Yeshivas Ner Yisroel of Toronto (Ner Israel Yeshiva College) (נר ישראל) is a Haredi yeshiva (Jewish educational institution) in Vaughan, Ontario, Canada with government recognition of its degree-granting programs. The yeshiva includes both a Beis Midrash program and a high school.

==Programs==
The yeshiva has been granted restricted degree-granting authority by the Legislative Assembly of Ontario, to grant degrees in the field of religious studies and research in higher Jewish learning at the Bachelors, and Masters levels. In addition, the college offers University Diplomas and Certificates.

The current Roshei HaYeshiva (headmasters) are Rabbi Uri Mayerfeld and Rabbi Meyer D. Greenberger. The Menahel of the High School is Rabbi Dov Diena.
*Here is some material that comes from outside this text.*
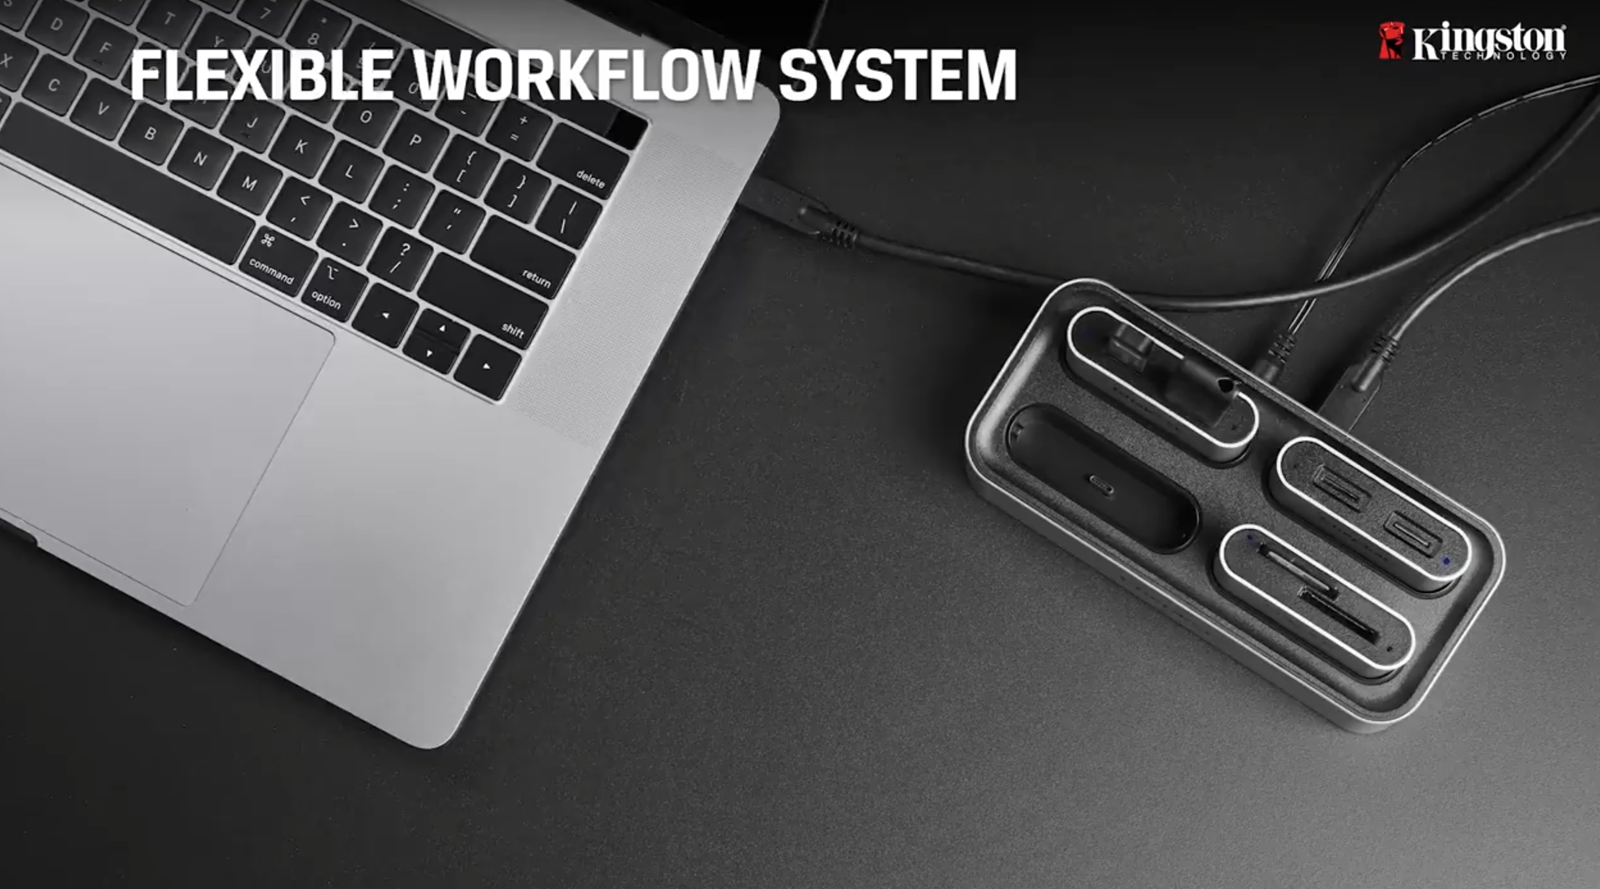 [CES 2021] 金士頓 2021 年度新品 Workflow Station 讀卡機模組座、NVMe SSD 系列新品齊發,專為高效能工作需求而生 @3C 達人廖阿輝

The Mashgiach of the High School is Rabbi Yerucham F. Kravetz.

==History==
The yeshiva was established by Rabbi Sholom Gold in 1959 as a branch of Yeshivas Ner Yisroel in Baltimore (NIRC).
Meyer Lebovic and Rabbi Moshe Hochman were also involved. The yeshiva opened in September of that year with 12 students. The yeshiva was located on Finch Avenue for 27 years. The yeshiva has grown to approximately 130 students since then. It is no longer affiliated with Ner Yisroel in Baltimore.

Rabbi Yaakov Weinberg assumed the post of Rosh Yeshiva until 1971. The yeshiva was next headed by Rabbi Naftali Friedler. The mantle of Rosh Yeshiva was then assumed by Rabbi Gavriel Ginsburg in 1988.